Tecidos feitos em laboratório

Tecidos feitos em laboratório

Antes de serem testados em humanos, novos medicamentos precisam passar por rigorosos exames de toxicidade para garantir que seus componentes não causem danos ao organismo, evitando prejuízos maiores que os benefícios. Atualmente, esses testes são realizados em animais, porém, com o avanço da biofabricação de tecidos humanos, em breve os laboratórios terão uma alternativa mais precisa e ágil.ebc Tecidos feitos em laboratório

“Ao descobrir uma nova molécula, os primeiros testes verificam sua função em células do tecido alvo. Em seguida, realizam-se testes em animais, incluindo os de hepatotoxicidade. No entanto, esses animais não pertencem à espécie humana e, com o aumento da especificidade dos medicamentos, essa diferença torna-se significativa”, afirma a professora da Universidade Federal do Rio de Janeiro (UFRJ), Leandra Baptista.

Leandra é fundadora da Gcell, uma startup pioneira no desenvolvimento de biotecidos no Brasil, incubada na UFRJ com apoio da Fundação de Amparo à Pesquisa do Estado do Rio de Janeiro (Faperj), do Conselho Nacional de Desenvolvimento Científico e Tecnológico (CNPQ) e da Financiadora de Estudos e Projetos (Finep). O produto principal para testes de toxicidade é o biotecido de fígado, fundamental porque os medicamentos orais são metabolizados nesse órgão, tornando-o um indicador primário de toxicidade.

“O modelo da Gcell é tridimensional, com células que se auto-organizam, reproduzindo de forma muito próxima a estrutura e função do tecido humano, apresentando respostas fisiológicas semelhantes ou até idênticas ao órgão real”, explica a professora.
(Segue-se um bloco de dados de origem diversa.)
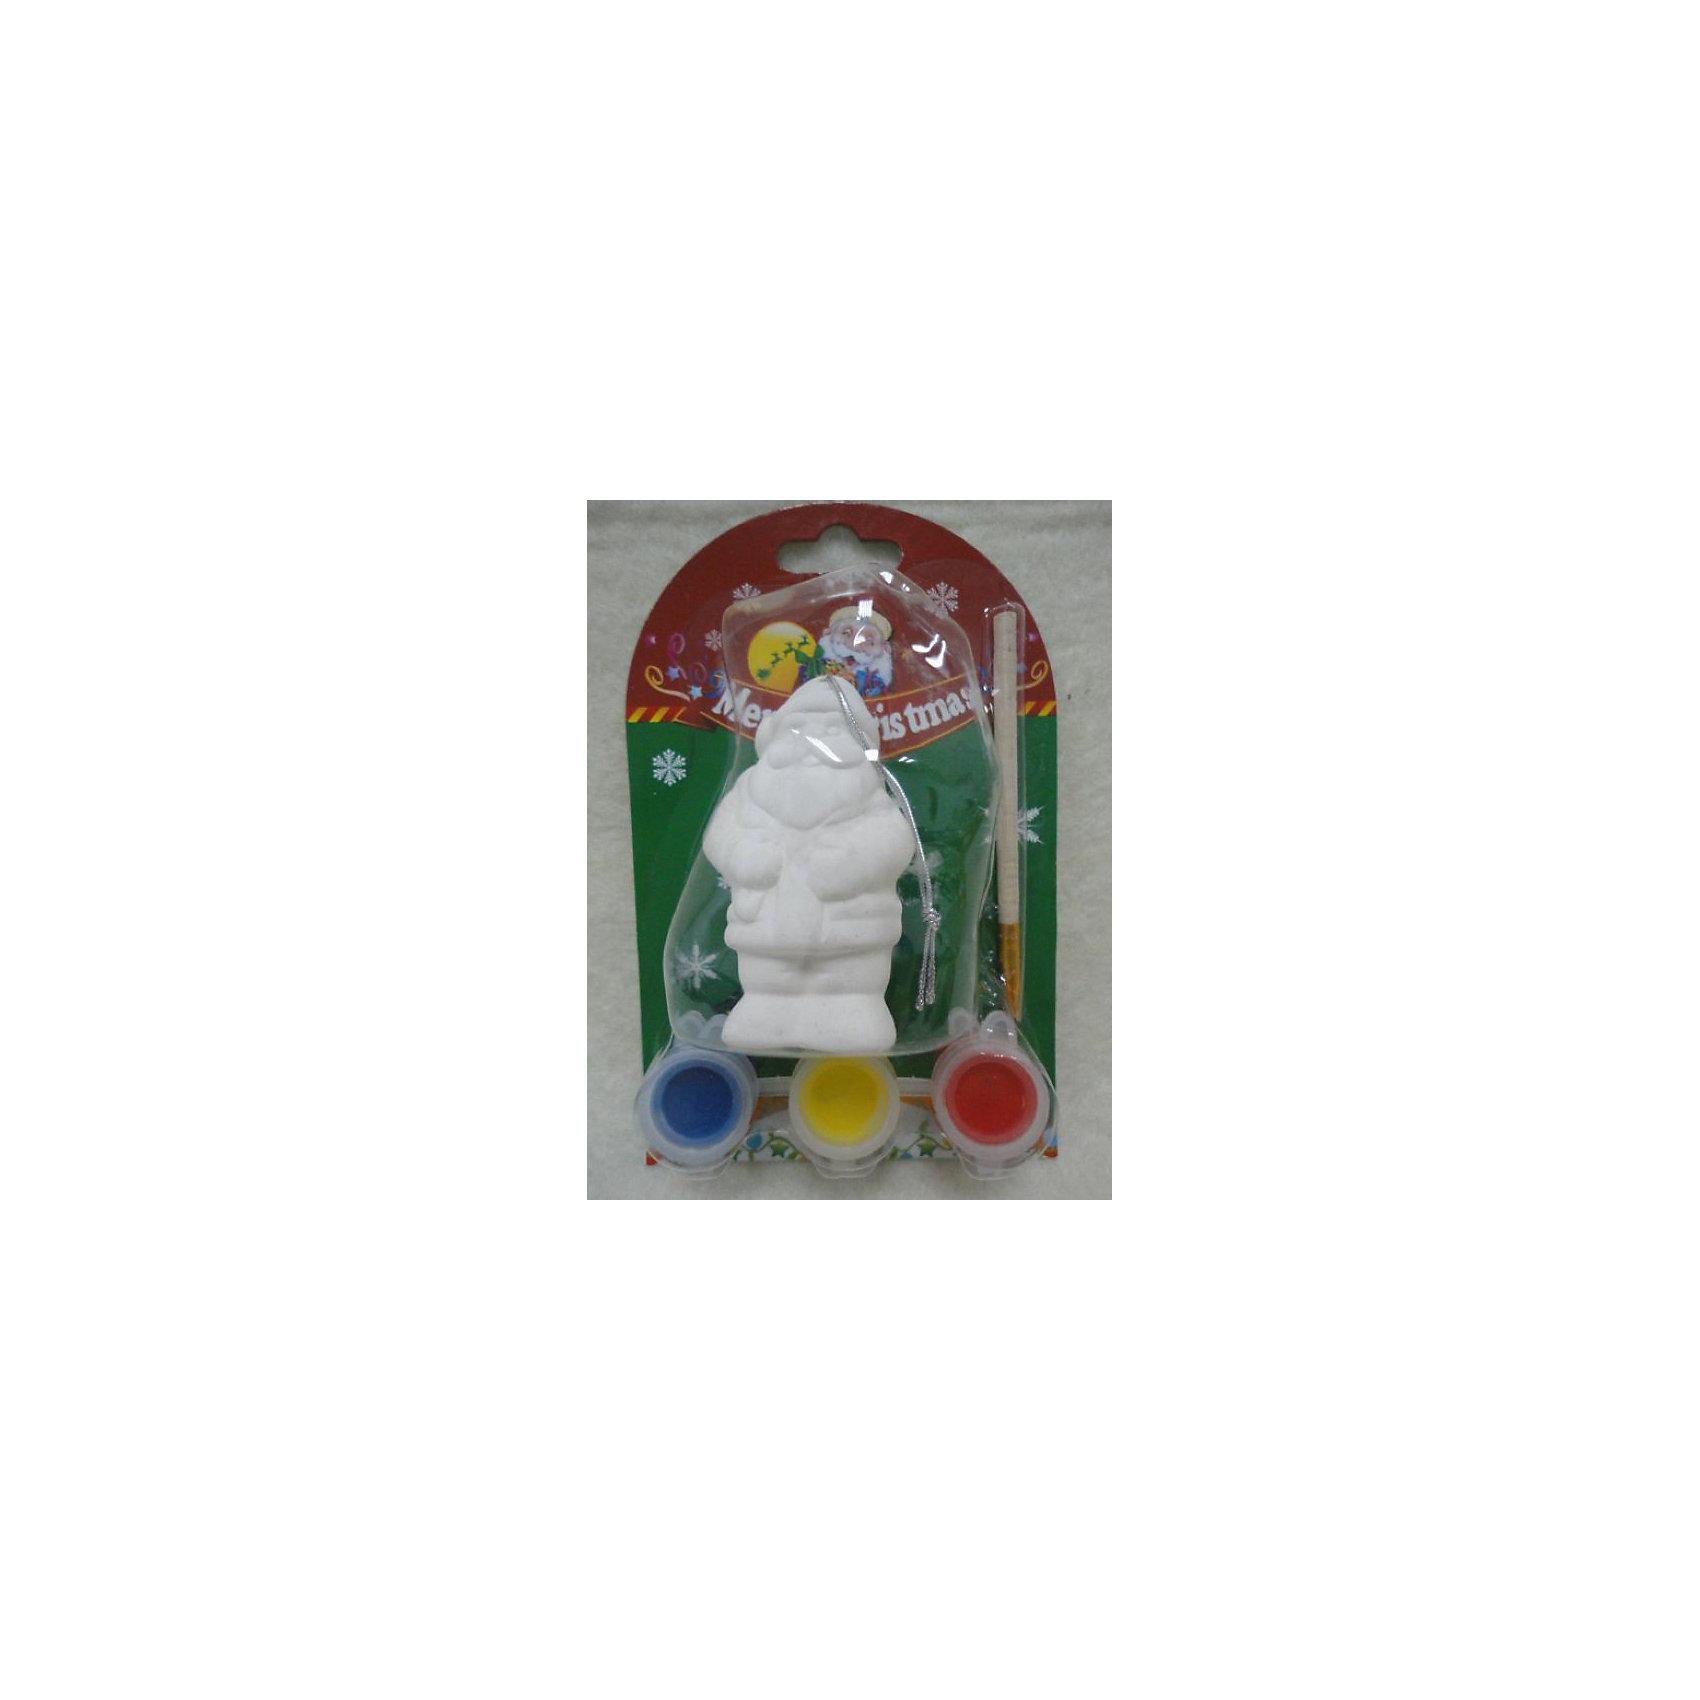 Набор для раскрашивания (керамика, 1 фигурка)Набор для раскрашивания (керамика, 1 фигурка)<br>Набор для раскрашивания станет приятным новогодним сюрпризом для Вашего ребенка. В комплект входит керамическая фигурка Санта Клауса, которую надо раскрасить понравившимися цветами, кисточка и краски. Готовая игрушка замечательно украсит Ваш новогодний интерьер и поможет создать праздничную волшебную атмосферу.<br><br>Дополнительная информация:<br><br>- В наборе: керамическая фигурка, три краски (желтая, красная, синяя), кисть<br>- Размер фигурки: 5,5 х 7,6 см.<br><br>Набор для раскрашивания (керамика, 1 фигурка) можно купить в нашем интернет-магазине.<br><br>Ширина мм: 230<br>Глубина мм: 230<br>Высота мм: 30<br>Вес г: 167<br>Возраст от месяцев: 36<br>Возраст до месяцев: 2147483647<br>Пол: Унисекс<br>Возраст: Детский<br>SKU: 4276466

Assim, os efeitos observados no tecido 3D fornecem uma previsão mais precisa de como o organismo humano reagirá à molécula testada.

Além de substituir etapas dos testes com animais, os biotecidos oferecem resultados mais confiáveis ao identificar reações adversas ou problemas de eficácia que só apareceriam em fases mais avançadas. Também possibilitam simular efeitos crônicos ou acumulados a longo prazo, por meio da superdosagem in vitro.

A Gcell está iniciando um projeto com pesquisadores franceses para usar biotecidos hepáticos na pesquisa de uma nova droga contra a fibrose hepática, doença sem cura e irreversível.

“Esse modelo permite estimular fibrose in vitro, sendo ideal para testar moléculas com potencial antifibrótico, algo crucial pois não há atualmente nenhum medicamento antifibrótico disponível, e a cirrose hepática ainda é fatal”, ressalta Leandra.

Atualmente, os lotes de biotecidos hepáticos produzidos pela Gcell passam por validação, caracterização morfológica, expressão de biomarcadores e testes metabólicos.

“Estamos buscando as certificações necessárias, mas já contamos com interesse de indústrias farmacêuticas, biotecnológicas e cosméticas, devido à capacidade dos biotecidos de avaliar hepatotoxicidade e metabolismo de compostos com alta precisão.”

O uso de biotecidos no desenvolvimento de fármacos e outros produtos é uma tendência global. Tecidos de pele já são amplamente usados na indústria cosmética como alternativa aos testes em animais. Modelos avançados também existem para células cardíacas, pulmonares, renais, córnea, pâncreas e sistema nervoso central. A Gcell desenvolveu ainda biotecidos de pulmão, articulações e tecido adiposo.